_Task requirements_: Everything from the line containing "Dance in Canada" through the final line below must be output exactly, both ends included, with nothing else and no pictures.

_Supplied information_:
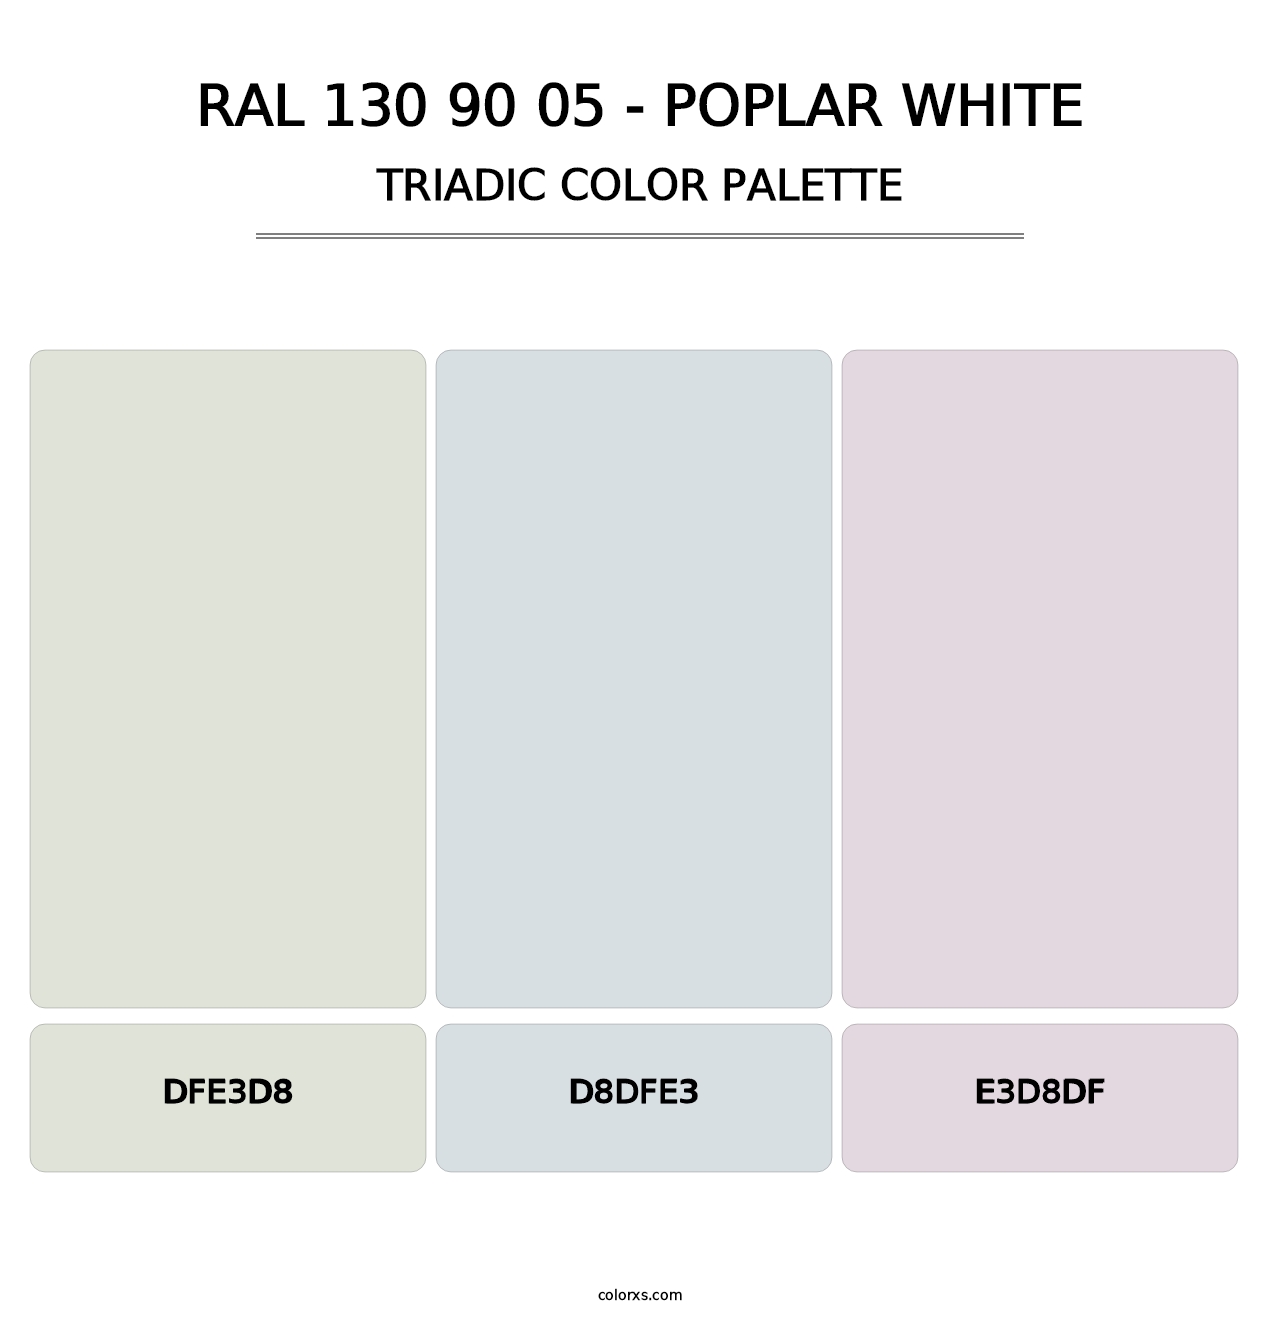 RAL 130 90 05 - Poplar White - Triadic Color Palette
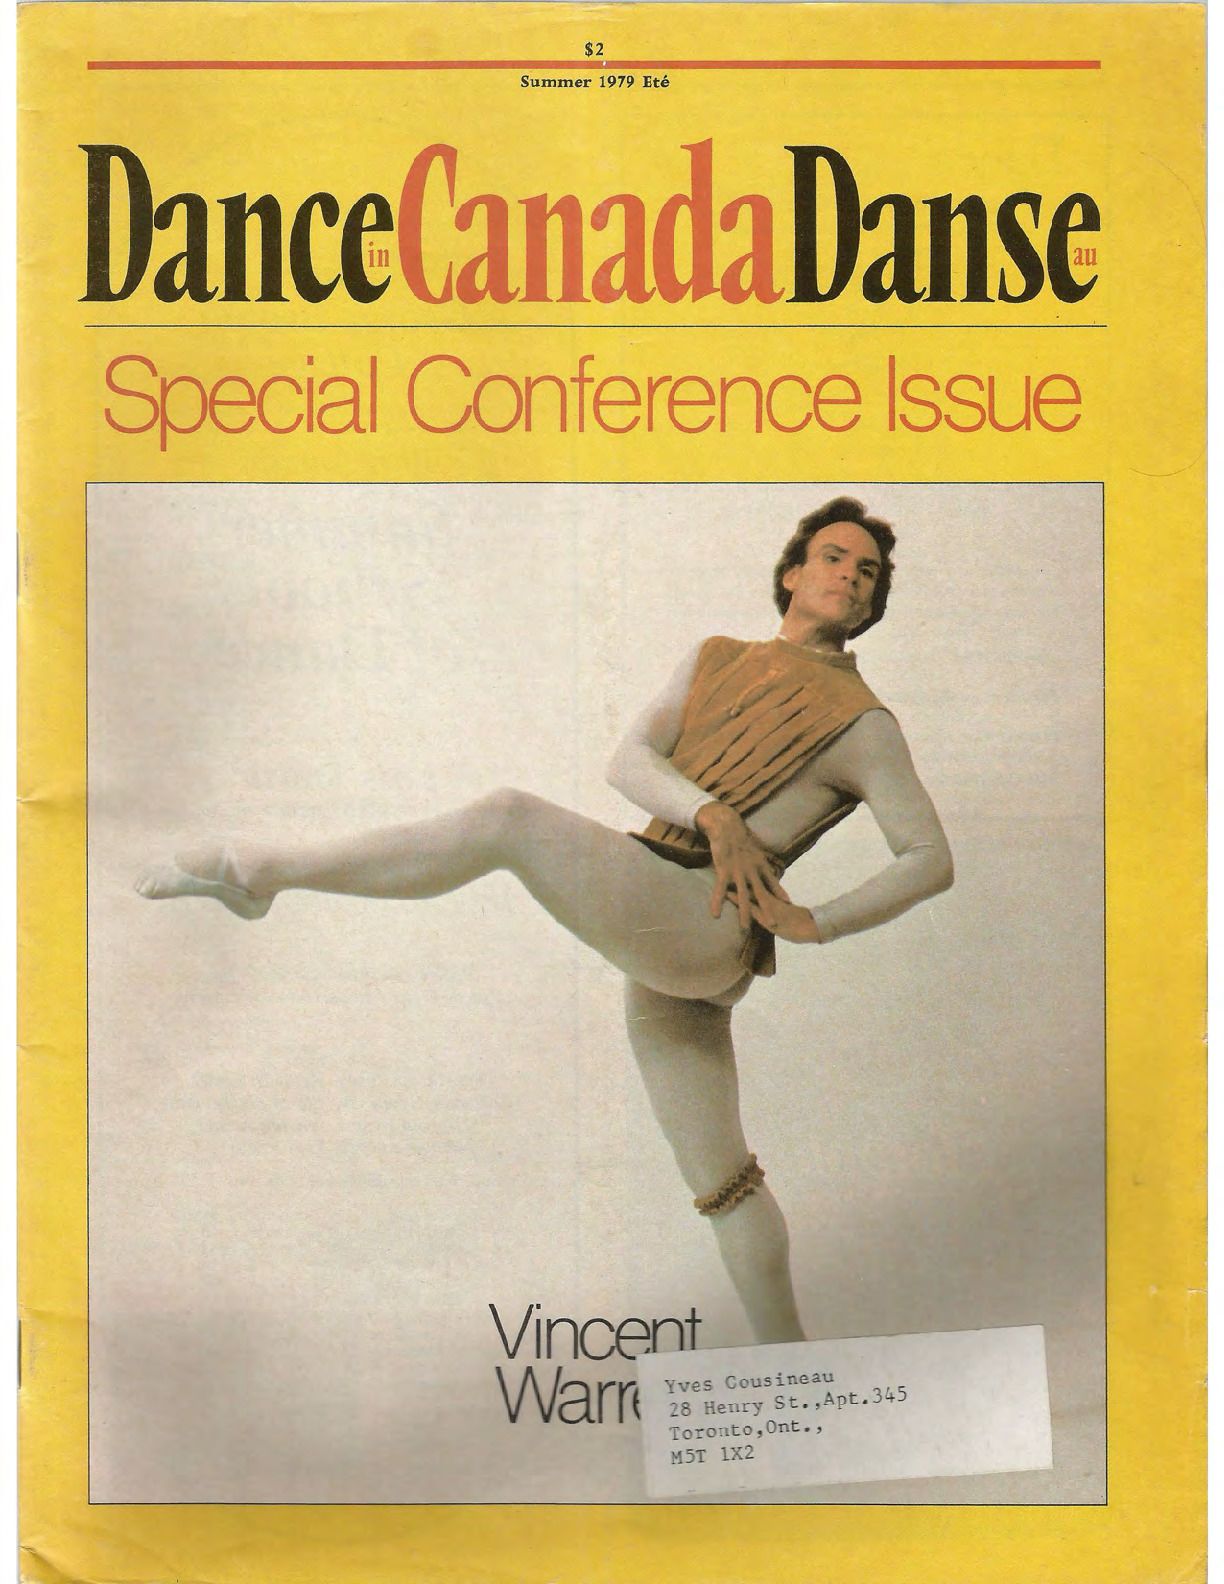 Dance in Canada Magazine No 20 Summer 1979 compressed.pdf
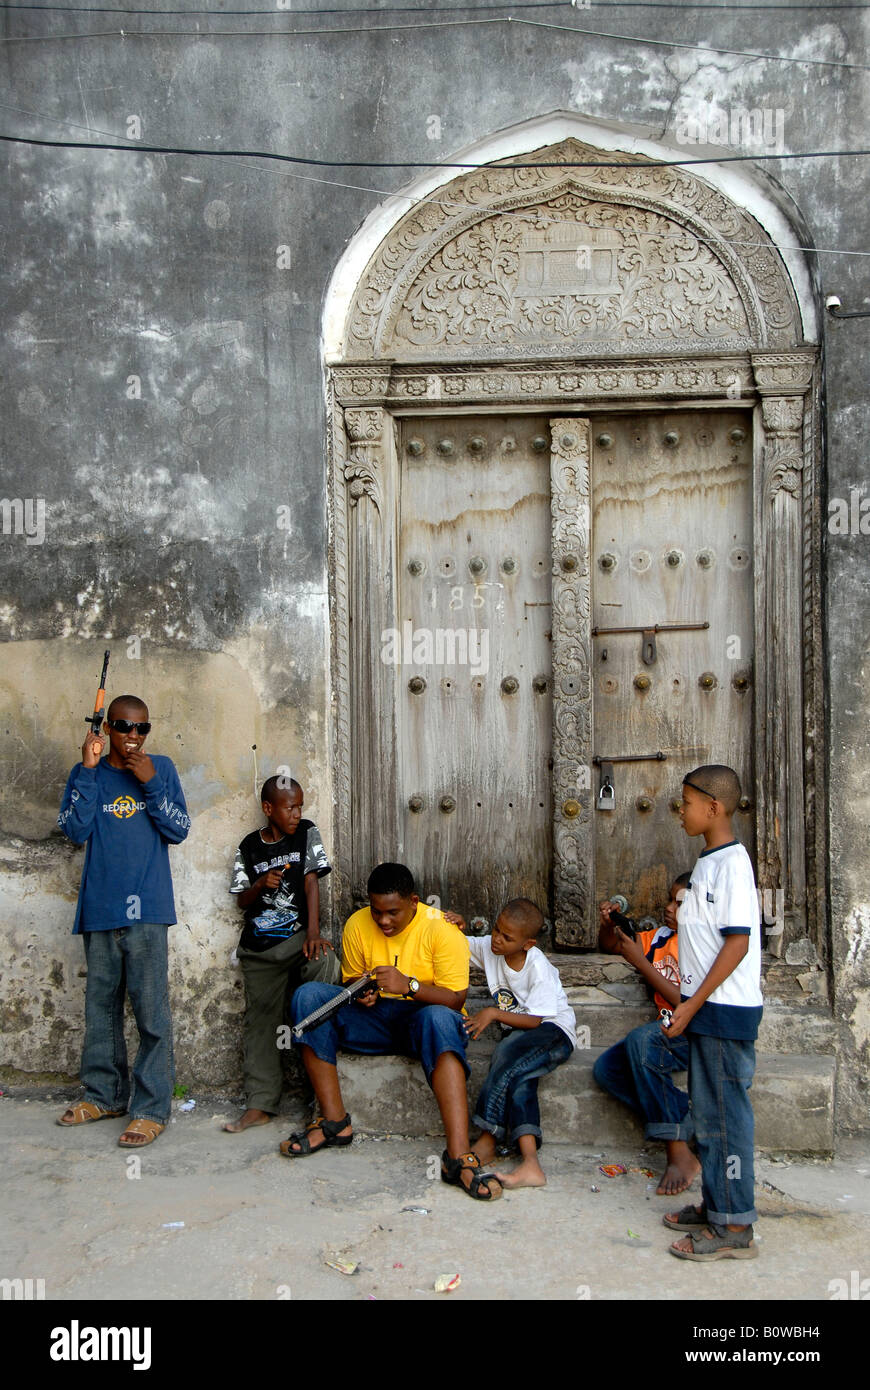 Street scene, kids standing in front of an old door in Stone Town, Zanzibar, Tanzania, Africa Stock Photo
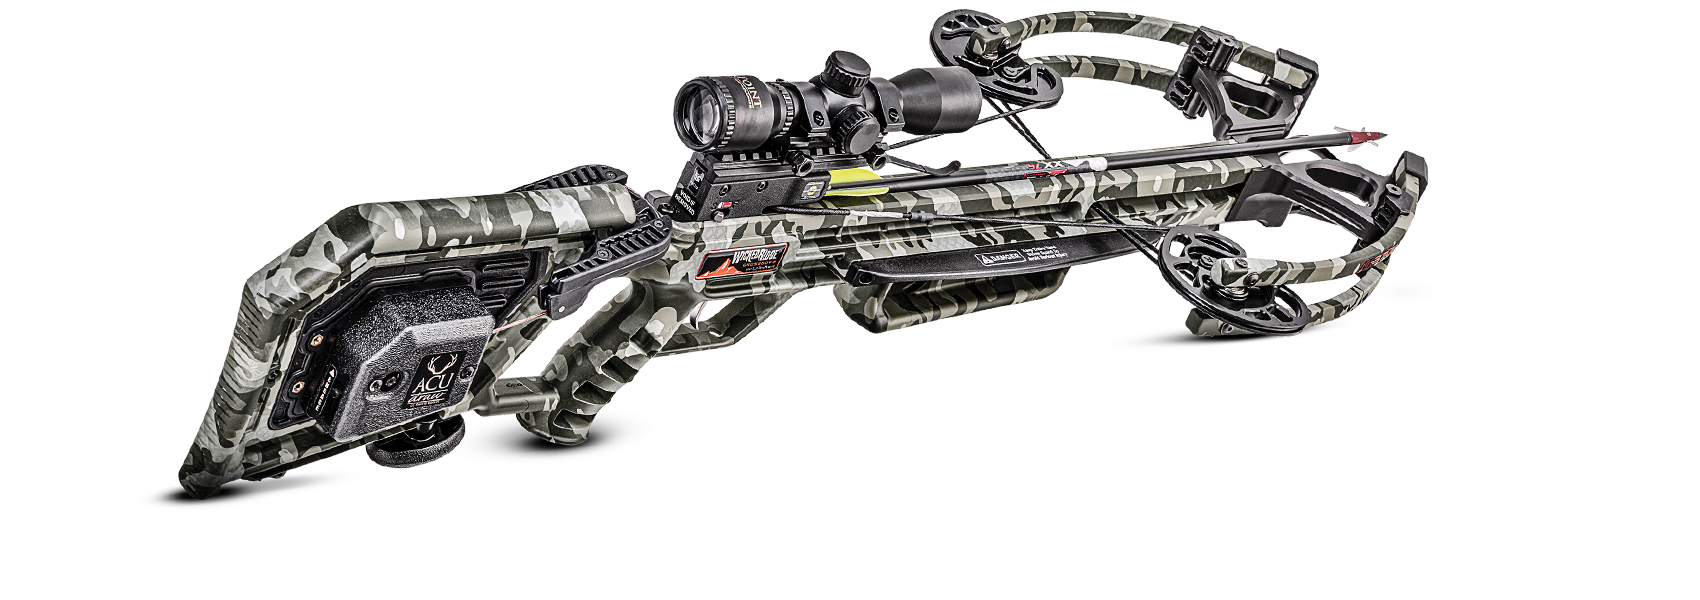 Wicked Ridge M-370 crossbow hunting

_Problem solution_:
 Dance in Canada Magazine No 20 Summer 1979 compressed.pdf
 Street scene, kids standing in front of an old door in Stone Town, Zanzibar, Tanzania, Africa Stock Photo
 Wicked Ridge M-370 crossbow hunting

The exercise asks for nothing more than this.